Empirical Interpretation


BASF is also interested in how the model makes the prediction (i.e. what features the network learns). However, deep learning models are hard to interpret.

One way to do this is to fit a simpler model to simulate the deep learning model, using the desired features (like size, angle and etc.). The fitted simpler model can partially explain the deep neural network. The problem is that some desired features are hard to define mathematically (for example, the angle or the shape) and some features are hard to extract (for example, accurately obtaining size of a nematode is hard). We leave this method as a future work.

Another simpler empirical way is to get an interested nematode, change its features and see whether our model changes the prediction.
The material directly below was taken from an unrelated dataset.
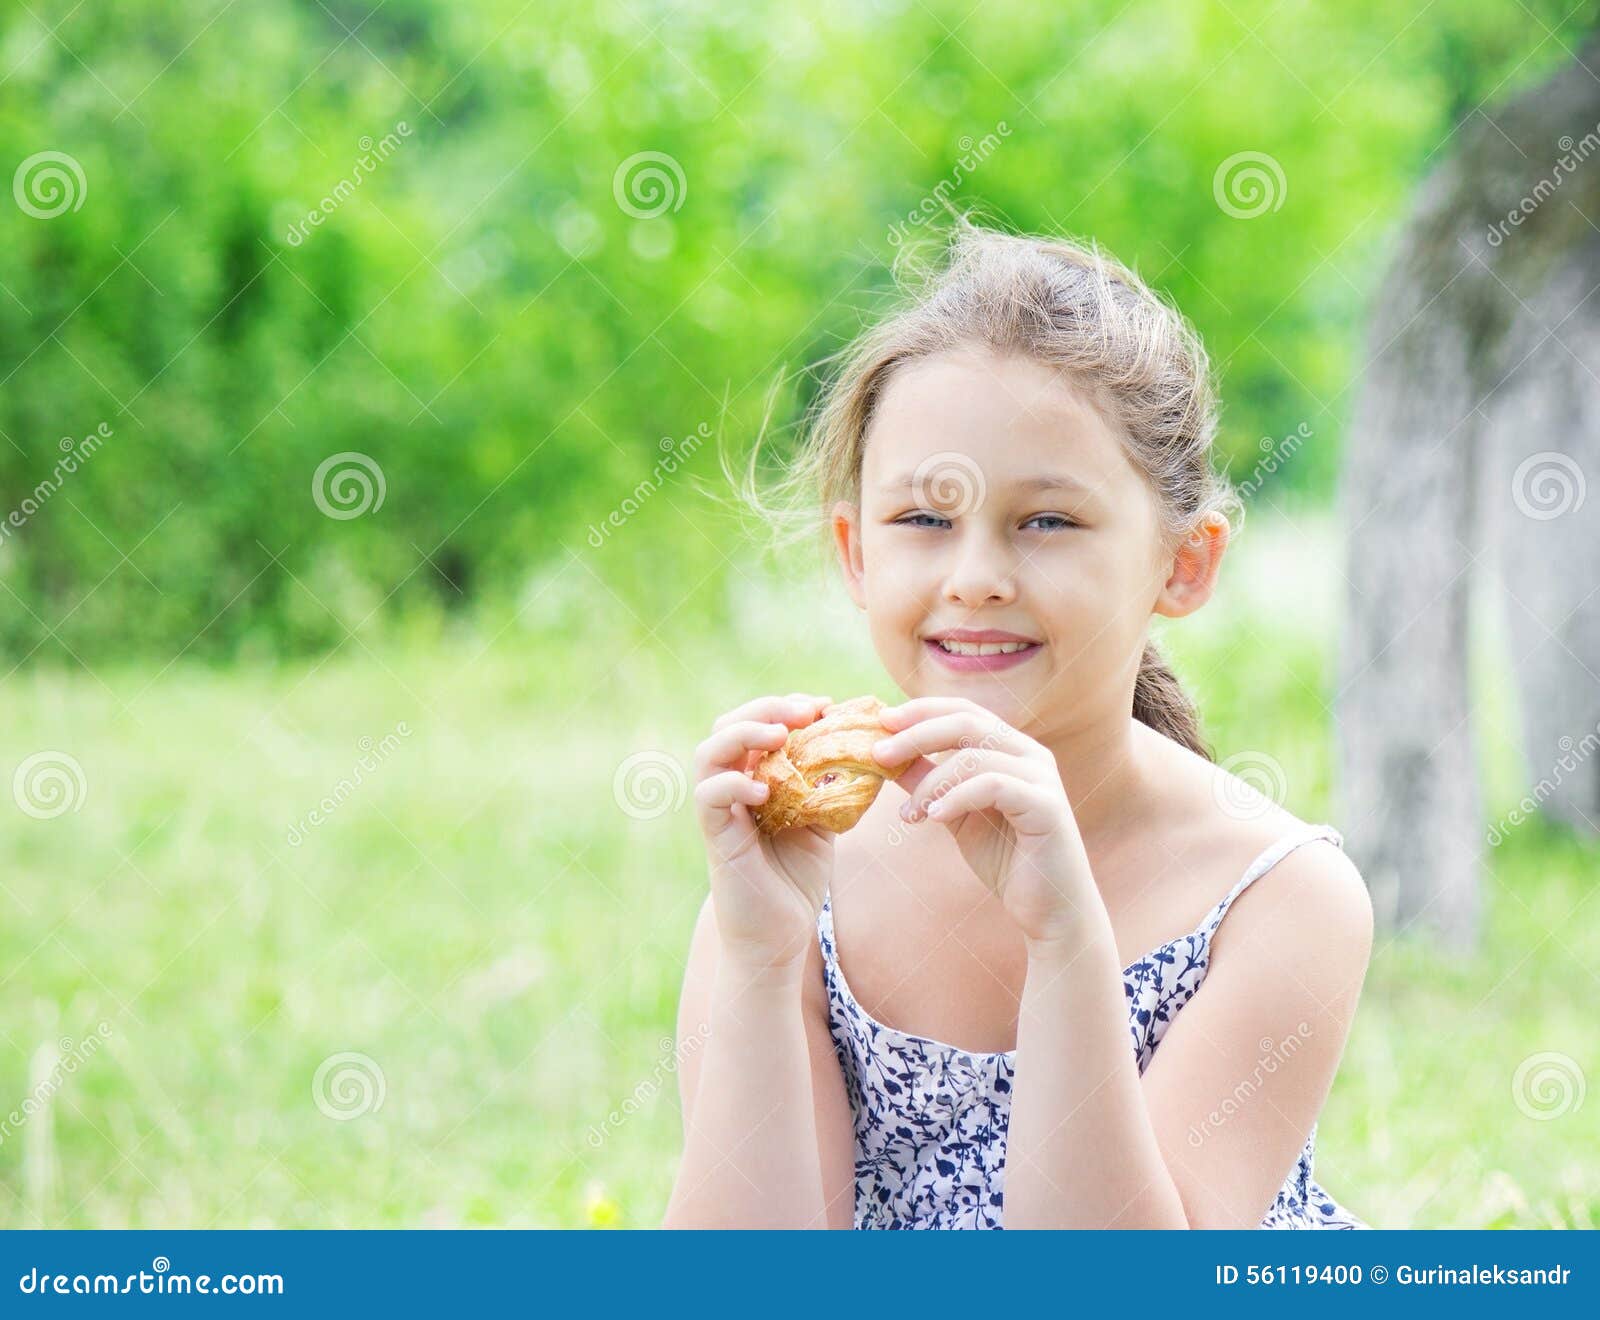 可爱的小女孩喜欢吃甜巧克力面包. 4岁小孩. 文本空格 库存照片 - 图片 包括有 食物, 韩文: 241498452

We tried this method and the result is shown in the following images.

Nematodes
Detection and classification results

We made the first image based on an interested nematode (top-left corner). We used PhotoShop to rotate the nematode, change its color, resize it and change its shape. All generated fake nematodes were then combined into a single image whose background is from a training image. The second image is generated by passing the first image into our model. We observed the following:

  1. The model predicts all rotated nematodes as interested. So rotation doesn't affect the model.
  2. With mild shape change, the nematodes are still predicted as interested. However, if we straighten the nematode, it will become non-interested. So the model does look at the shape of the nematode, but with mild shape change, its prediction won't change.
  3. Relative darkness (brightness) of nematodes matters a lot. We changed the brightness of the nematode and it becomes non-intersted. For more aggressive change (let the nematode transparent), our model will think the nematode is part of the background.
  4. Size matters a lot. Letting the nematode larger or smaller makes it non-interested. If the nematode is too small, our model will think it's part of the background.
  5. Noise does not matter. There're different debris around the rotated nematodes and the original nematodes. But the model does not change the prediction nor the prediction confidence level.

We conducted such experiment on some nematodes and the conclusions are similar. So we hope our conclusions above is generalizable for all nematode images because that means our model works as expected. In order to get insight about how exactly the model uses those features to make decisions, we need to use more sophisticated methods.


Conclusions & Future Work


We have implemented both conventional models and deep learning models for the nematode detection and classification tasks. We have created a new network architecture to make faster R-CNN model scale aware for nematode classification. Our deep learning models outperform baseline models, although our models suffer from overfitting due to the unavailability of enough training data. Also, we have delivered our models and GUI (with tools like CSV generator) within a virtual machine to BASF.

Our models can be improved in the following aspects:

  1. Deep learning models typically require hugh amount of training data. We believe our model can perform better with more data.
  2. Currently our models assume the input images are at a fixed scale. For different scale images, users have to use our script to transfer the images into the required scale. We should be able to handle images at different scales in the future.
  3. More efforts are required to improve the interpretability of our models.